• **Work to complete**
The full listing, written out exactly and without images, is the expected result.

• **Data**
::::::

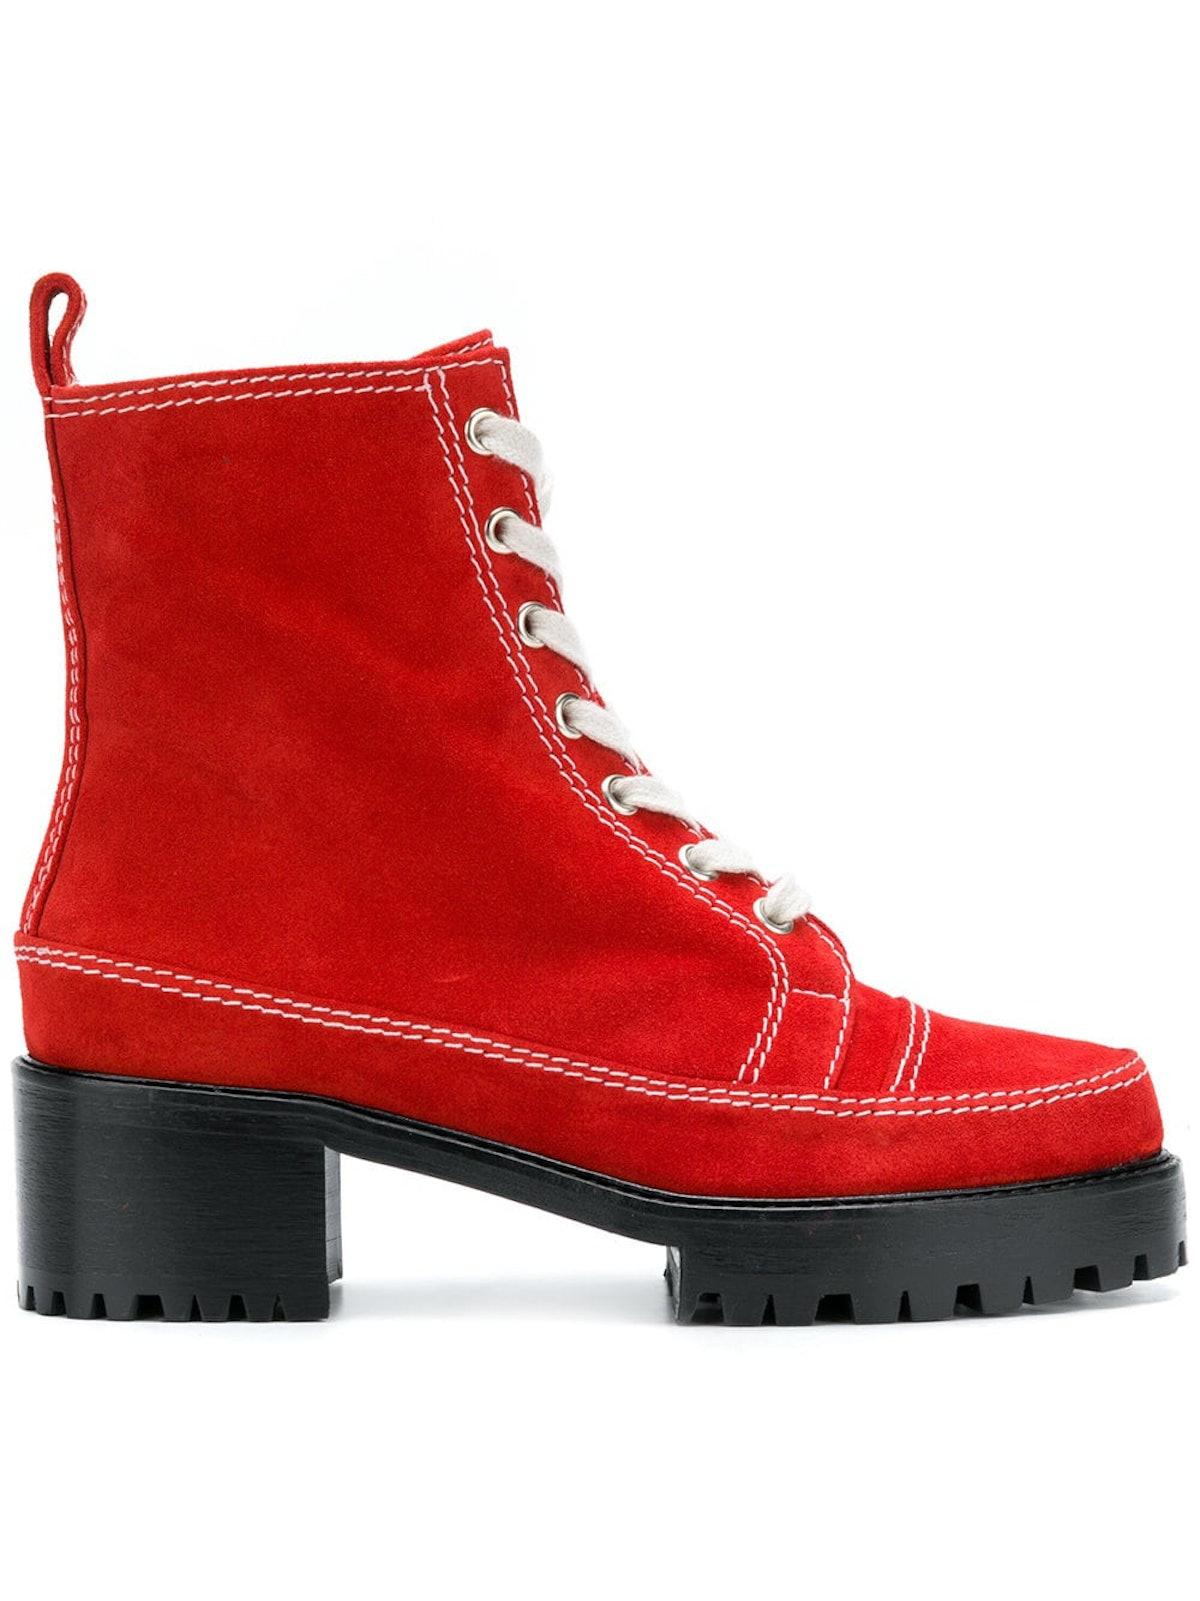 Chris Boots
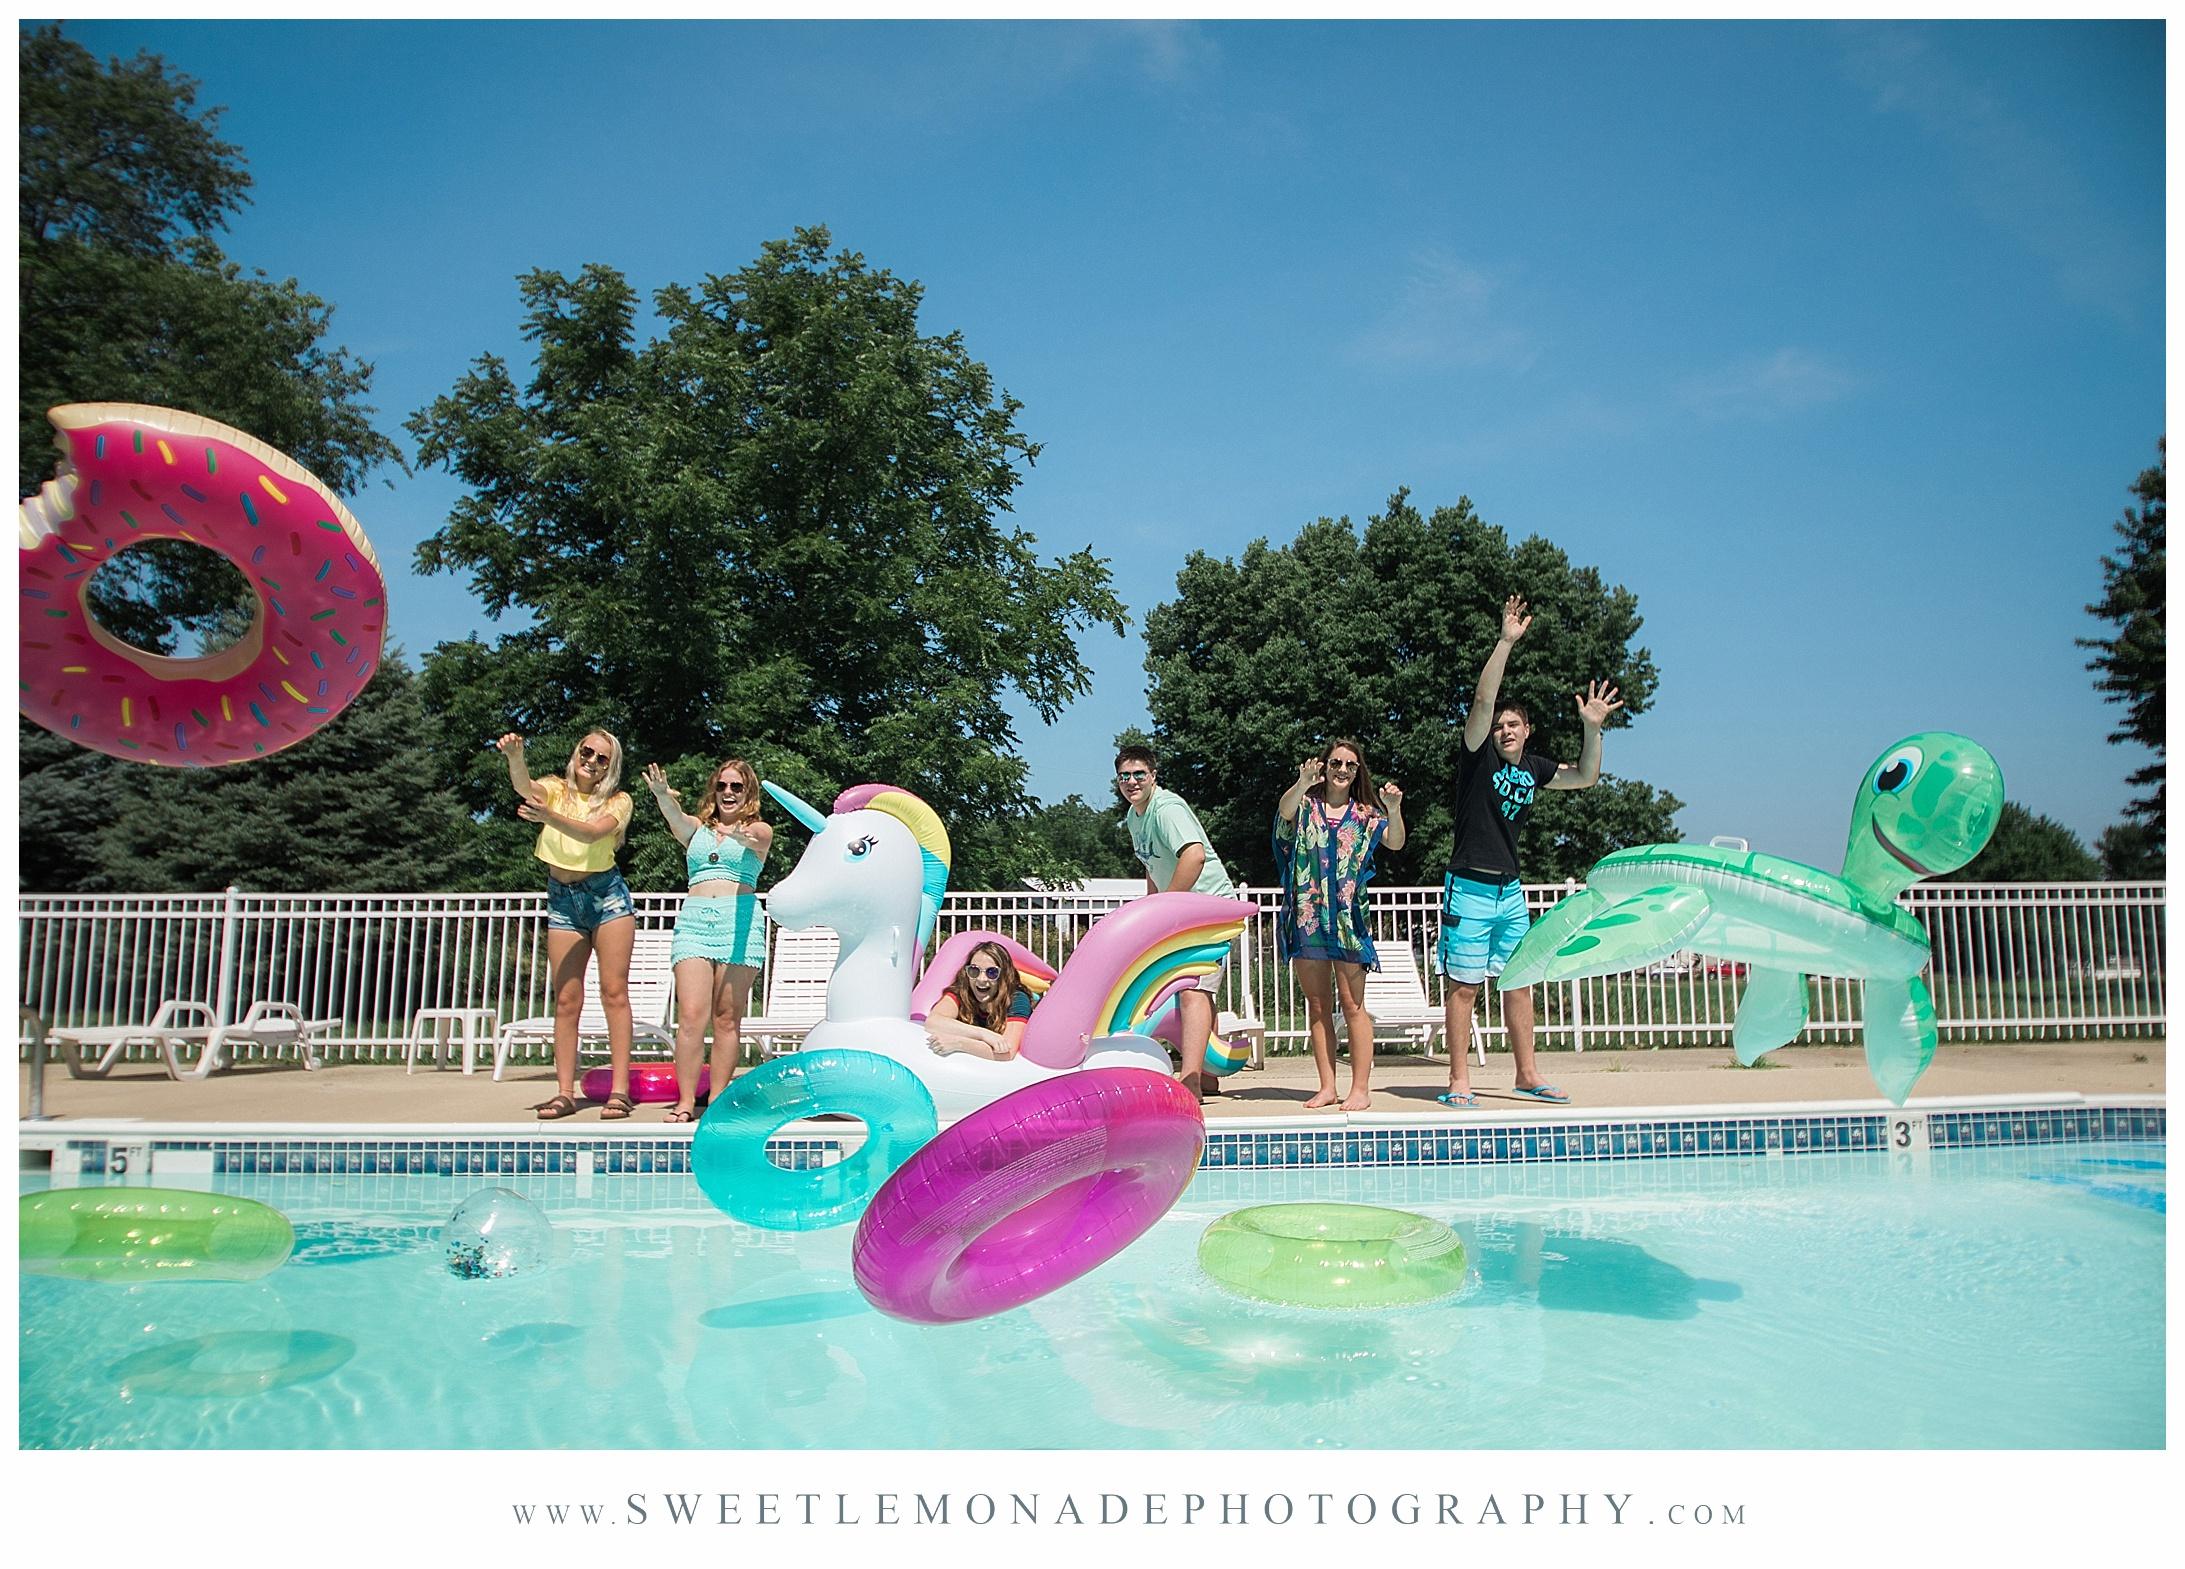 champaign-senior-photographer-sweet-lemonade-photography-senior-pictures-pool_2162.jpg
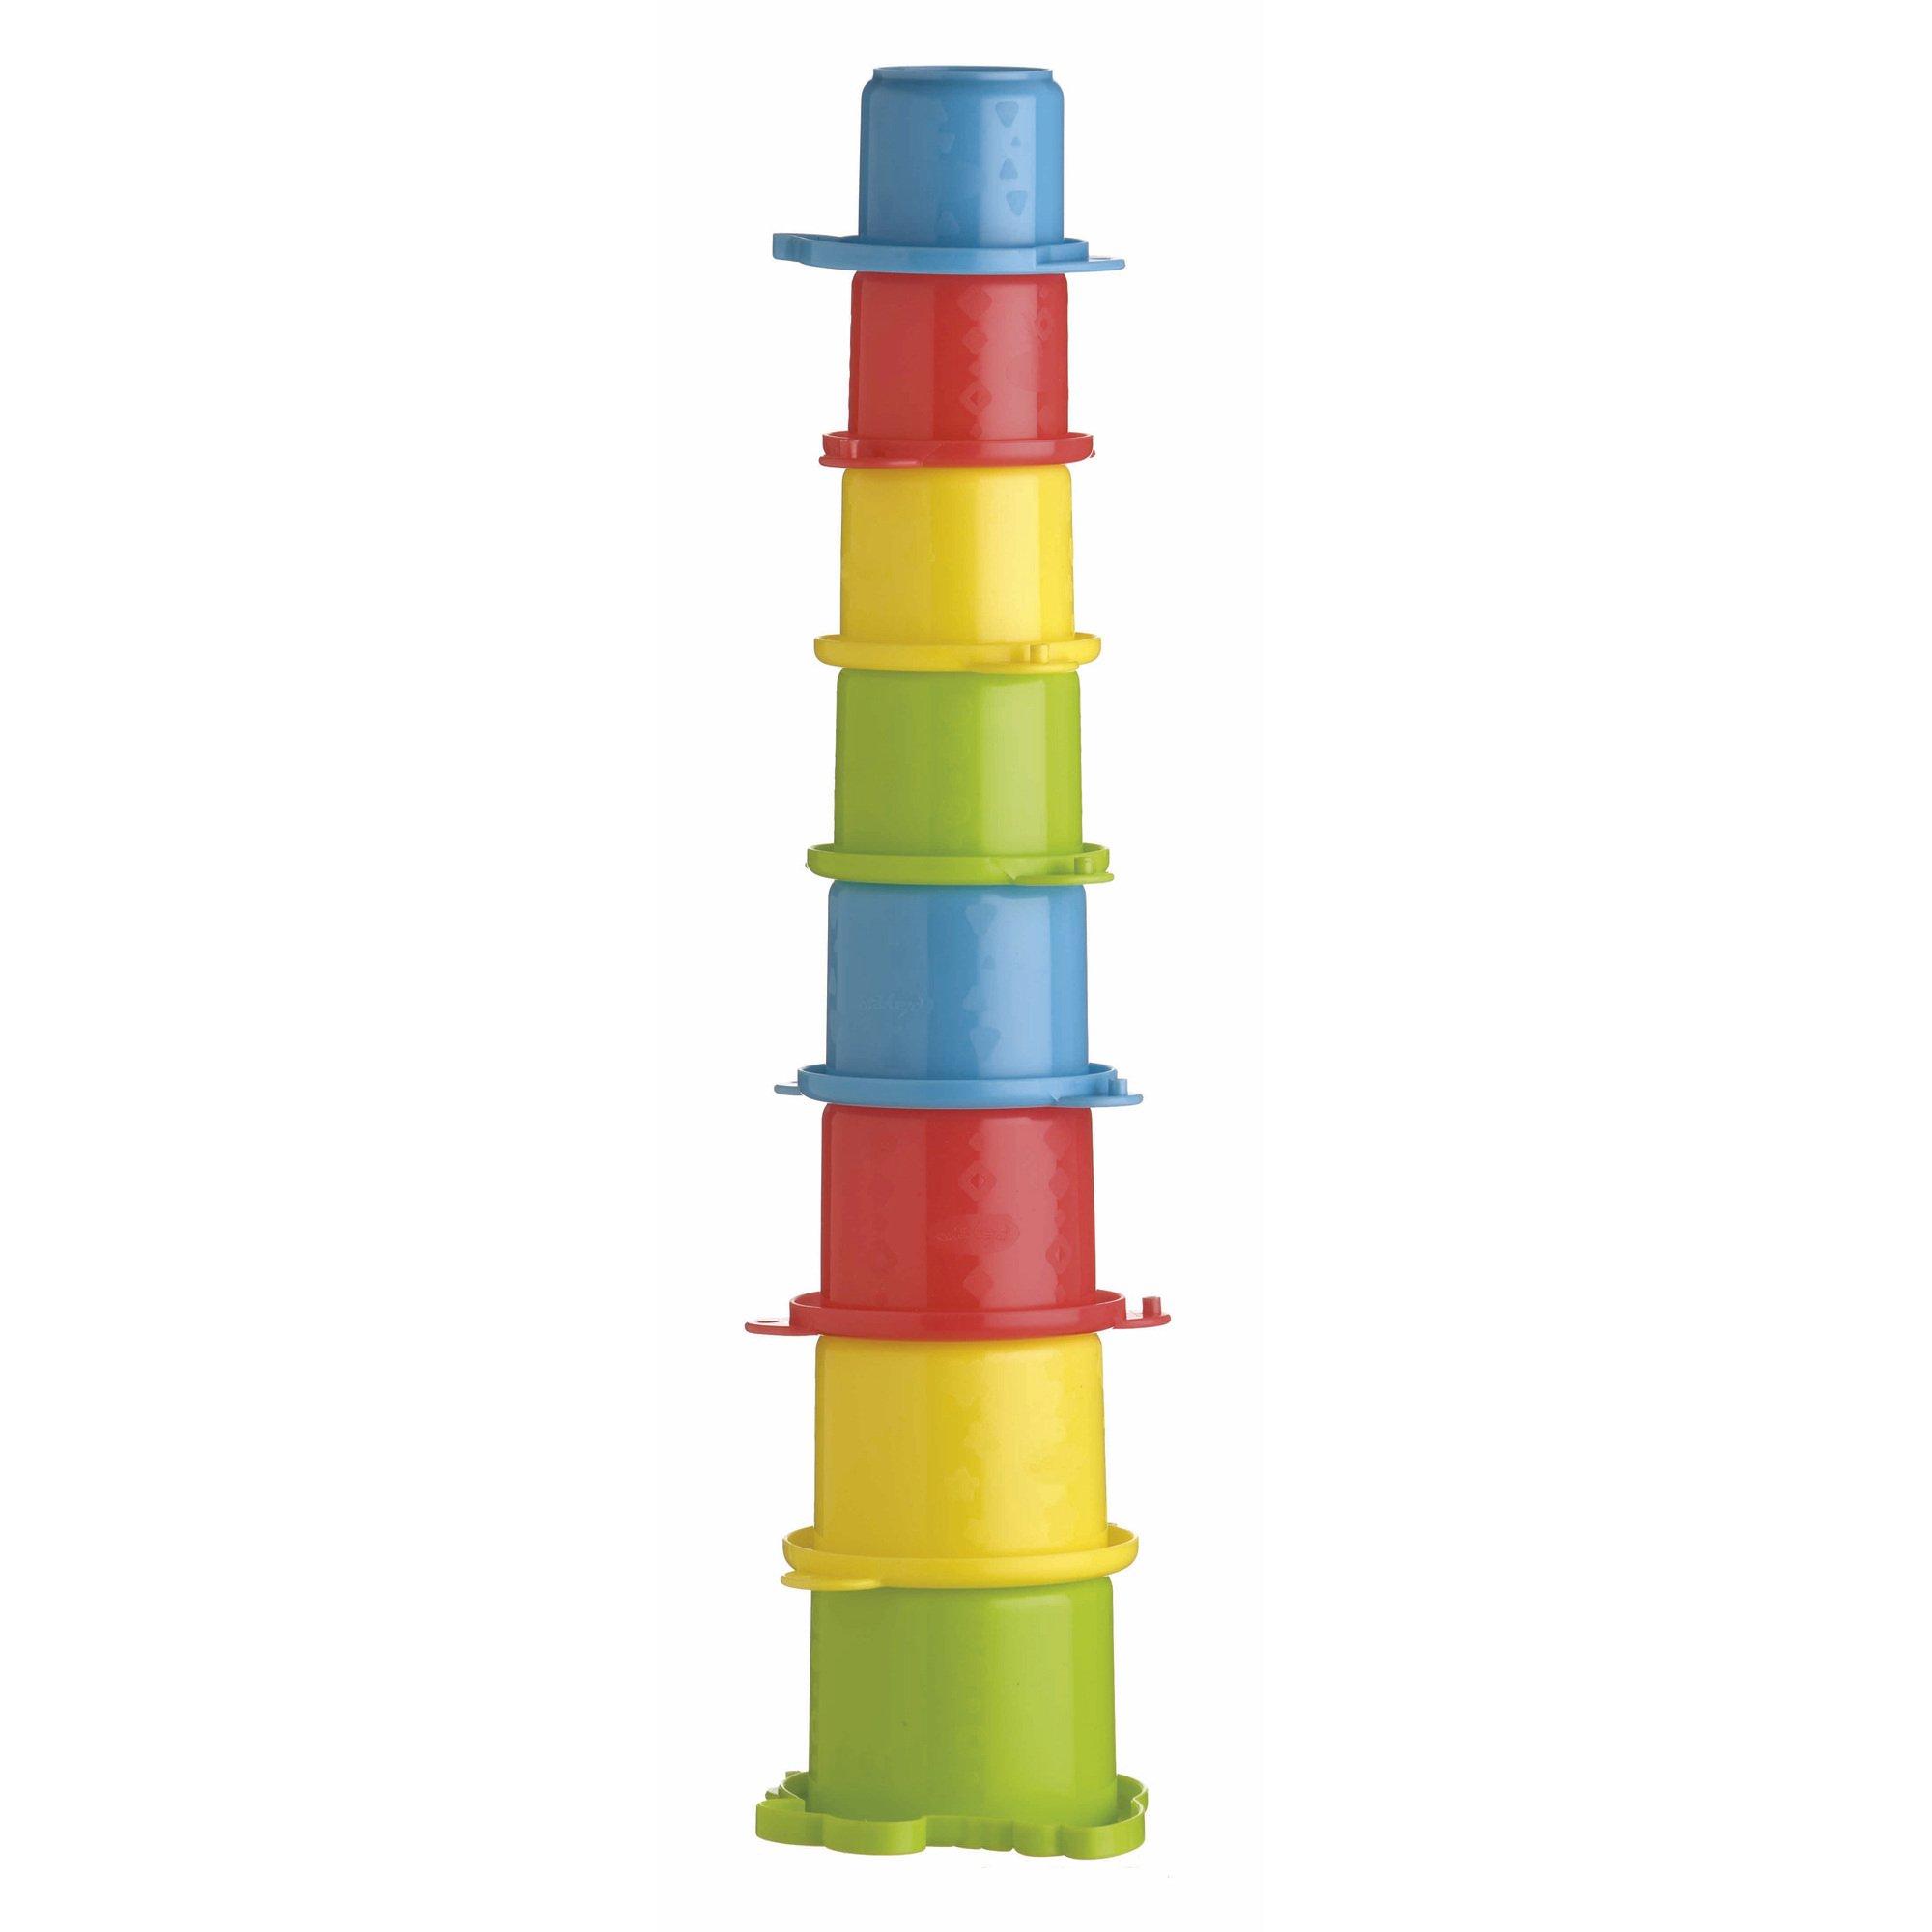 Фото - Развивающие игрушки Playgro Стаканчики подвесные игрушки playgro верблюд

::::::

• **Completed exercise**
 Chris Boots
 champaign-senior-photographer-sweet-lemonade-photography-senior-pictures-pool_2162.jpg
 Фото - Развивающие игрушки Playgro Стаканчики подвесные игрушки playgro верблюд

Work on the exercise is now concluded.